Here is a fact every AI demo conveniently ignores: your LLM provider will go down. Not "might." Will. They rate-limit you mid-launch, deprecate the model your app depends on, raise prices overnight, and have regional outages. On the day that happens, a single-provider app is simply down — and you find out from your users.

An LLM gateway with a fallback chain is the unglamorous layer that fixes this. It routes each request down a priority list of providers until one succeeds, trips a circuit breaker on the ones that fail, and keeps your agent answering. This is how I built Agent-Routing, extracted from 18 months of running it in production.

1. Fallback Chains Per Task Class

Not every task wants the same provider. Code generation, prose, and cheap classification have different best-fit models and different cost tolerances. So the router keys a separate priority chain to each task class:

Per-task fallback chains code: openai -> gemini -> anthropic -> ollama content: gemini -> openai -> anthropic -> ollama ui: gemini -> openai -> ollama simple: openai -> gemini -> ollama

The rule is simple: try the first provider; on failure or timeout, fall through to the next. No API key for a provider? It's skipped. All cloud providers down? A local Ollama model serves the request. The agent never fully stops. My portfolio's own assistant runs a chat chain of free providers this way — NVIDIA NIM → Groq → OpenCode Zen → OpenRouter with a paid model held back as the last-resort safety net.

Design the chain around blast radius, not just quality Put the provider you can most afford to lose first, and your most reliable (or local) provider last. The chain is a reliability gradient, not a leaderboard.
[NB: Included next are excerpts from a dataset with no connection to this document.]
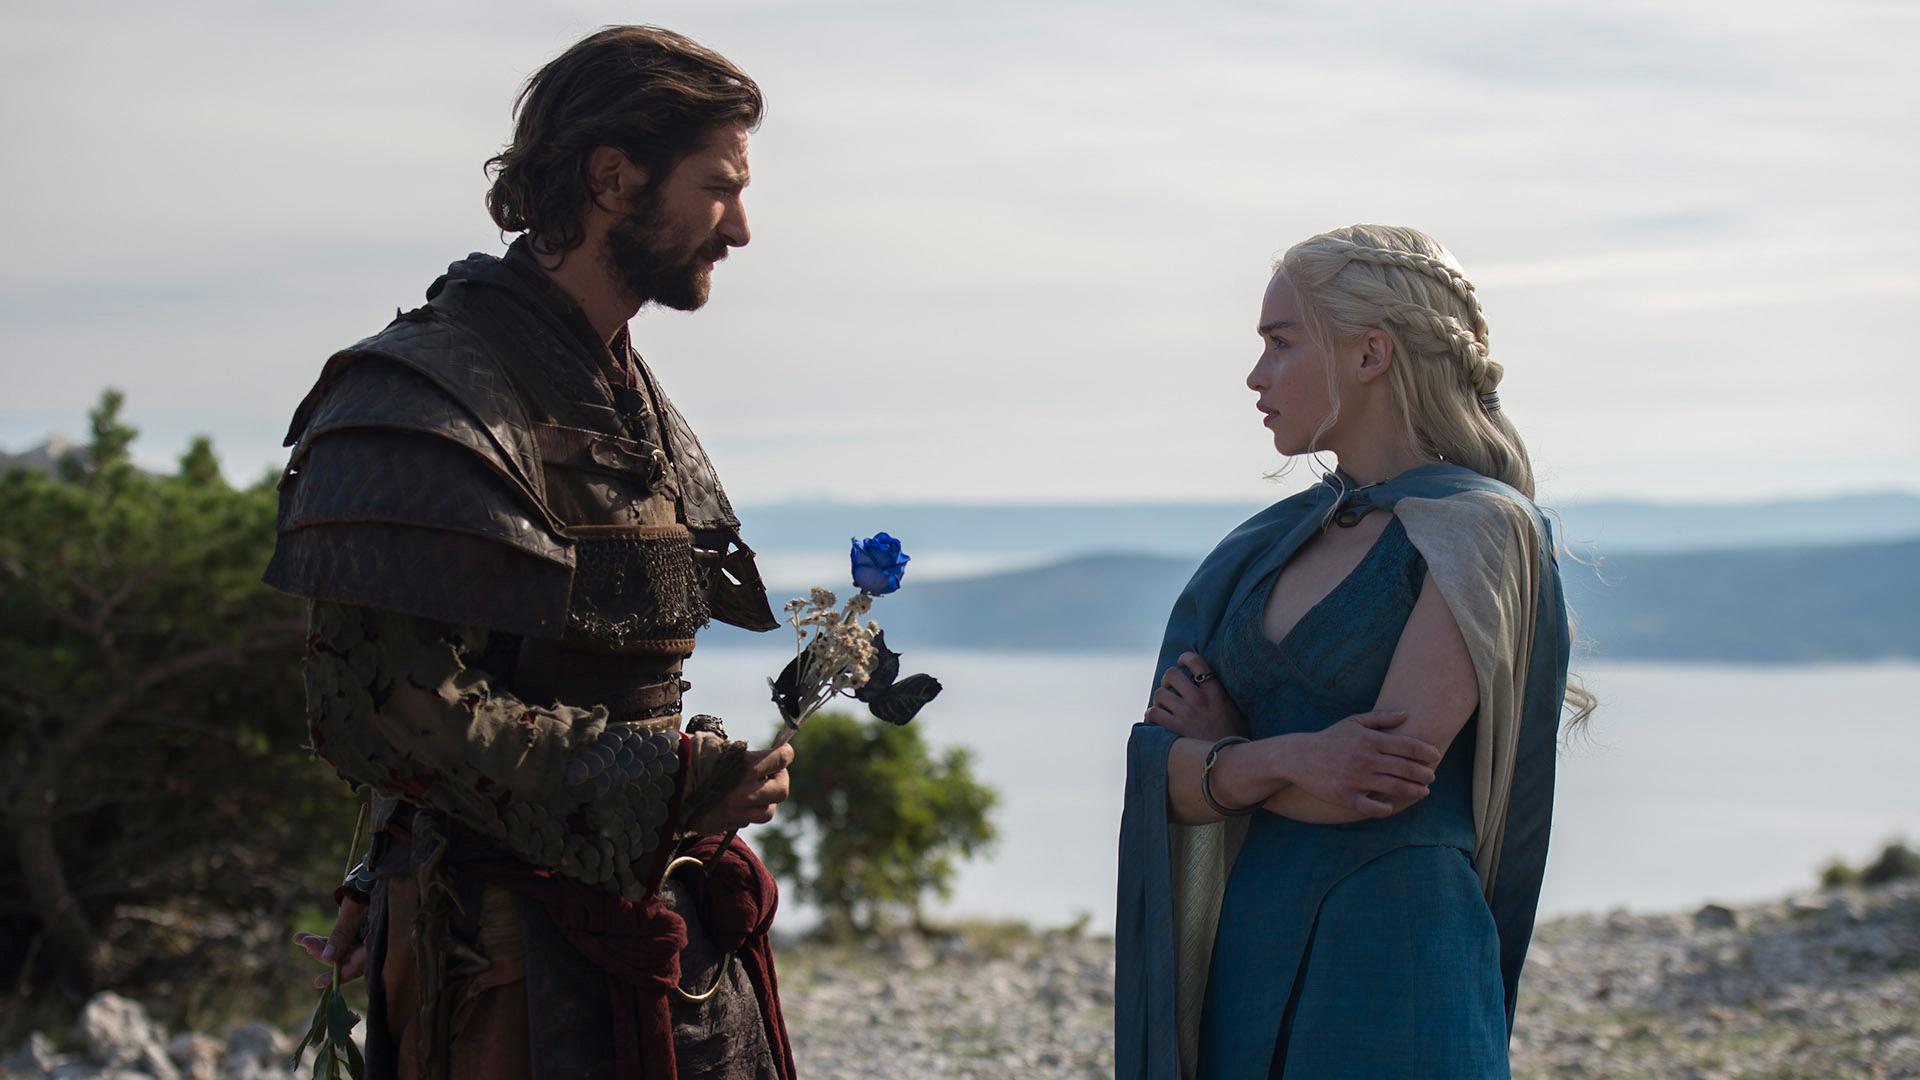 daenerys and daario - Daenerys Targaryen Photo (37001582 ... Daario Naharis And Daenerys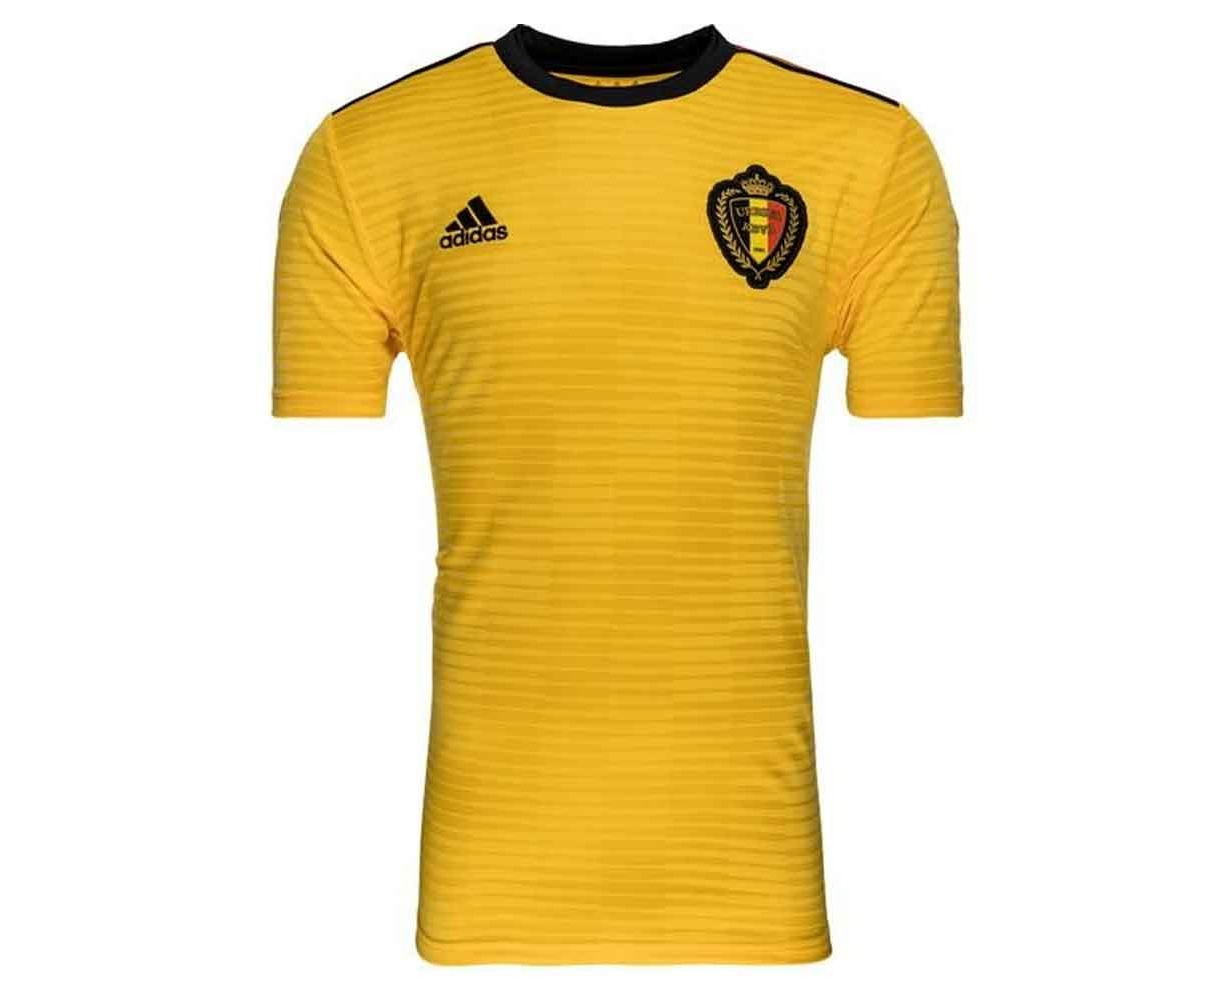 3be354e0fcc 2018-2019 Belgium Away Adidas Football Shirt (Alderweireld 2) - Kids ...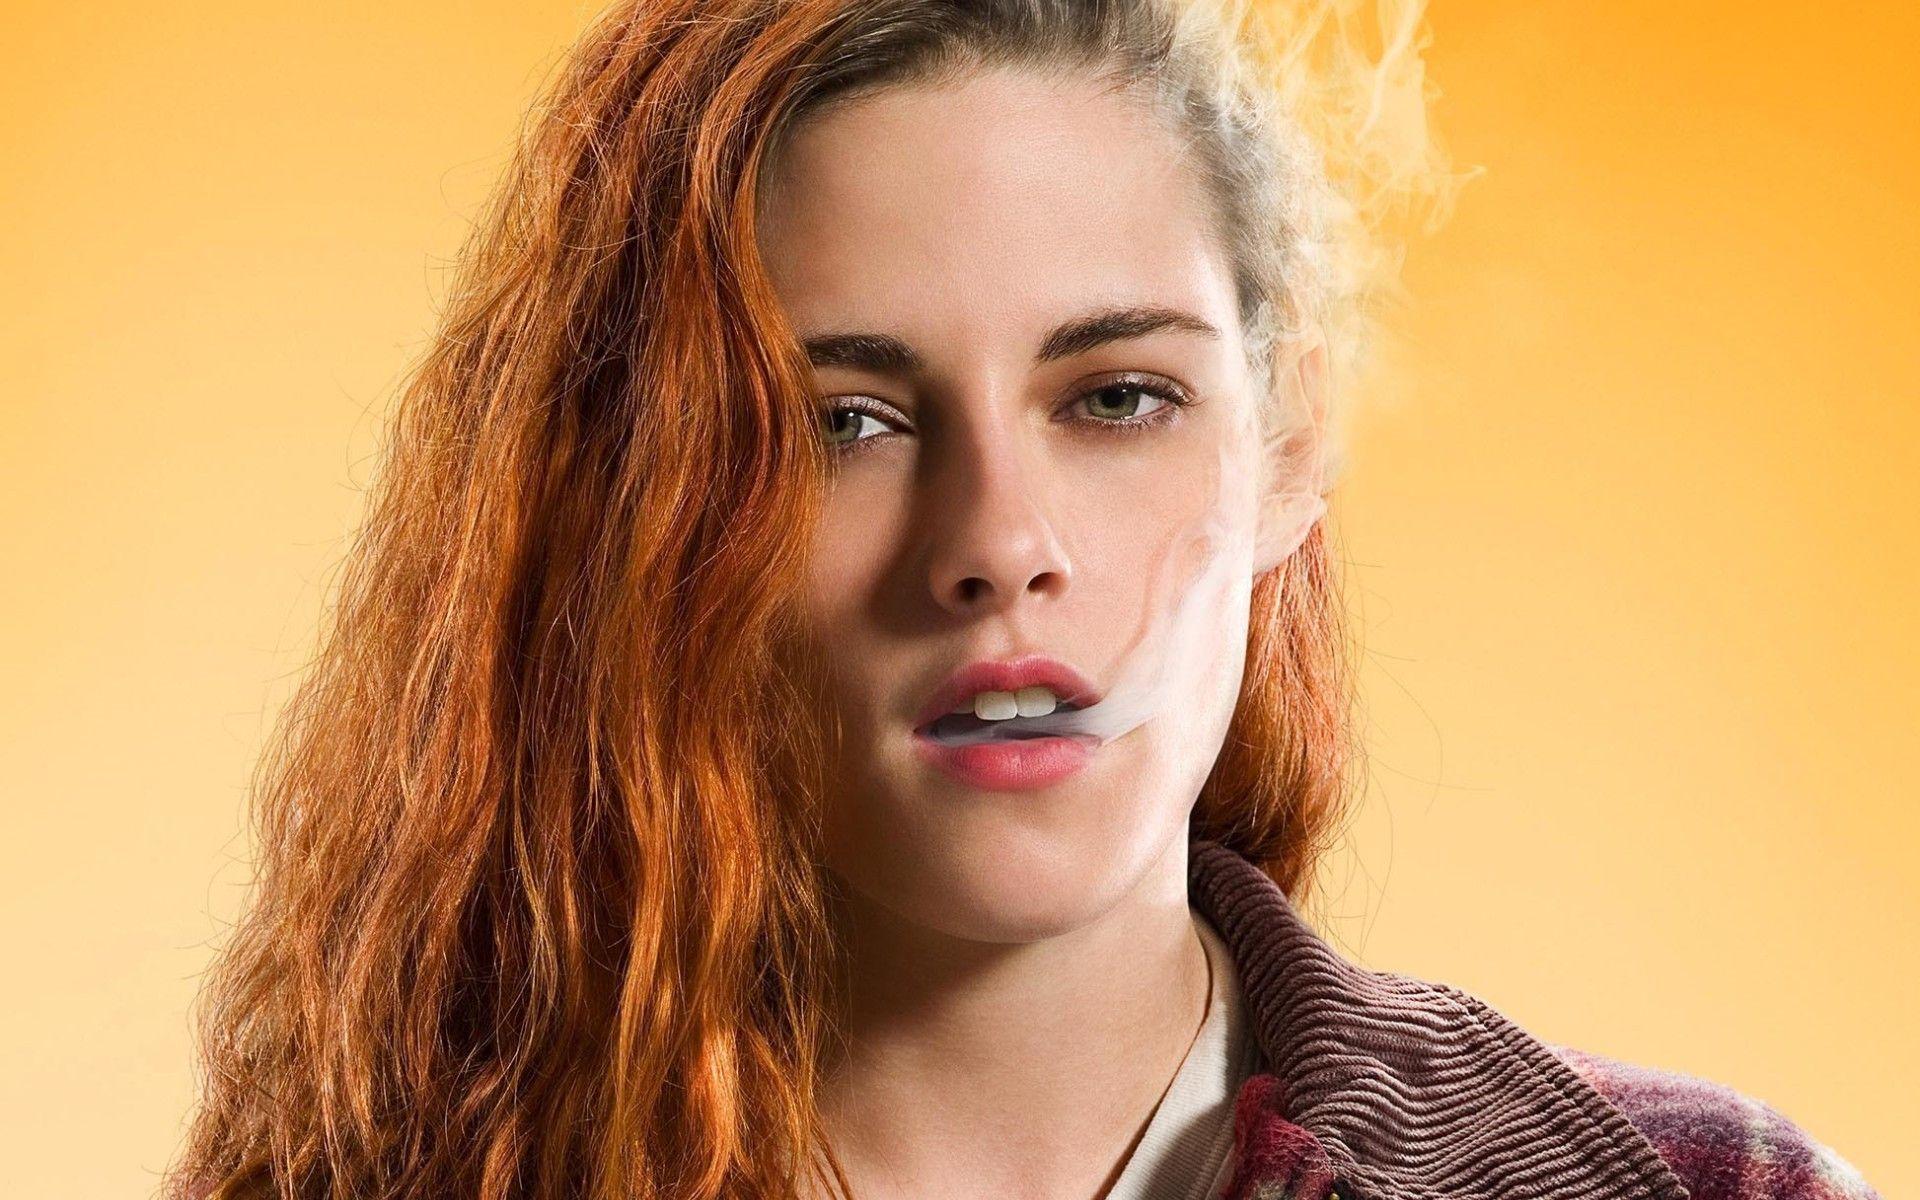 Who smoke stars cigarettes hollywood 22 Celebs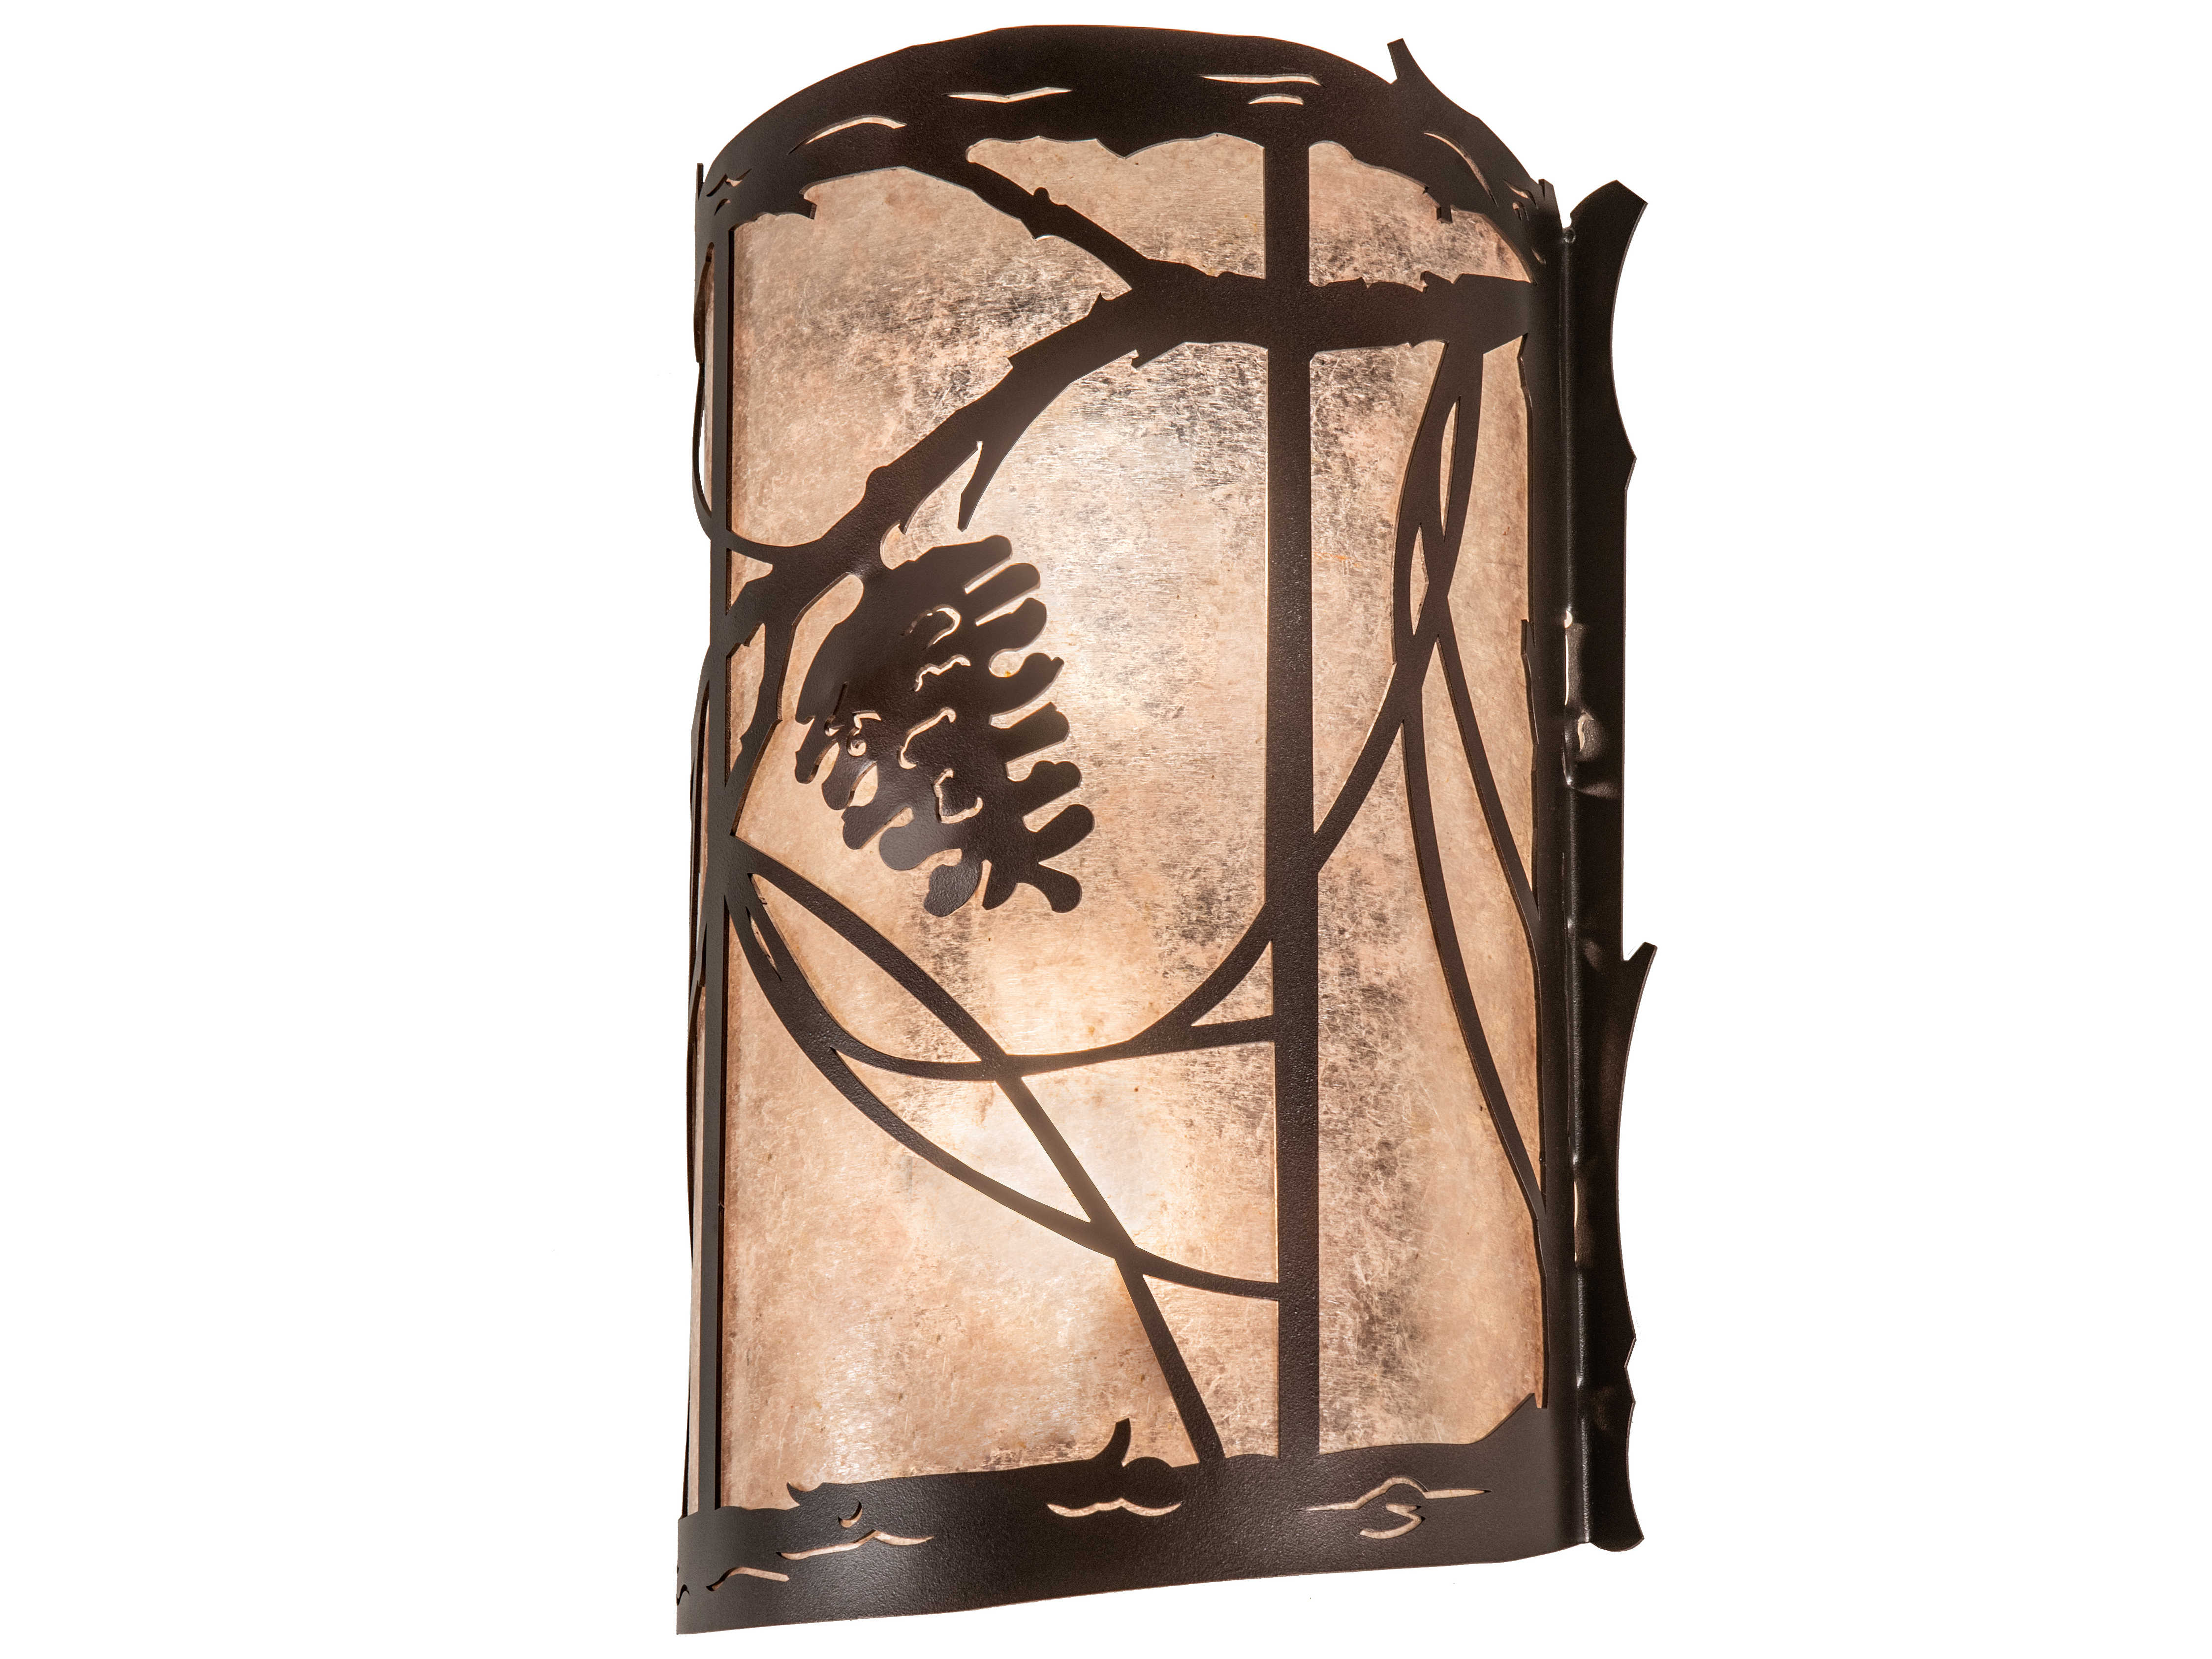 Meyda Whispering Pines Mahogany Bronze 2 Light Rustic Lodge Vanity Light My231469

2. The Session Circuit Breaker

Naive fallback has a hidden cost: if a provider is down, every single request still tries it first, waits for the timeout, and only then falls through. Under load that's thousands of wasted, slow calls. The fix is a circuit breaker — once a provider fails all its models, mark it OPEN for the rest of the session and skip it entirely:

Circuit breaker tripping CIRCUIT OPENED: openai failed all models and is marked down for this session.

This is the difference between "degrades gracefully" and "hangs for everyone." The first failure pays the timeout cost; every request after it routes straight to a healthy provider.

3. Budget-Aware Routing

Reliability without cost control is how you wake up to a four-figure bill. The router can take a per-call budget and only route to models whose estimated cost fits:

JavaScript — budget cap per request await router.chat(prompt, system, 'code', 0.3, 4096, budget: 0.001); // Only routes to models whose estimated cost fits within $0.001

Combined with a free-provider-first chain, this means the expensive model only ever runs when the cheap ones have genuinely failed — the cost ceiling and the reliability floor are the same mechanism.

4. Token Optimization (Free Savings on Every Call)

Before a prompt is sent, the router compresses it: filler words and phrases removed, whitespace collapsed. On verbose prompts that's a routine 10–20% reduction in input tokens — and since you pay per token on every provider in the chain, that saving compounds across every fallback attempt.

5. Guardrails: The Gateway Is Also a Checkpoint

A single choke point for all LLM traffic is the perfect place to enforce safety. The router checks input for prompt injection before it ever reaches a model, and scans output to redact leaked secrets — API keys, JWTs, database connection strings — before returning:

You can't bolt this on at 40 call sites. You get it for free when every call goes through one gateway.

Per-task
a separate fallback chain for code, content, ui, and cheap tasks
OPEN
circuit breaker skips a downed provider for the rest of the session
1 choke point
budget caps, token trimming, and guardrails enforced in one place

What I Built

Agent-Routing implements all five: per-task fallback chains, session circuit breakers, budget-aware routing, token optimization, and injection/secret guardrails. The demo runs in mock mode with no API keys. The same router powers the grounded assistant on this site — see how I built the chatbot for it running live, and the concepts behind multi-agent systems for where routing fits in the bigger picture.

If you're tired of AI hype, this is the kind of boring layer that actually decides whether your app survives contact with production.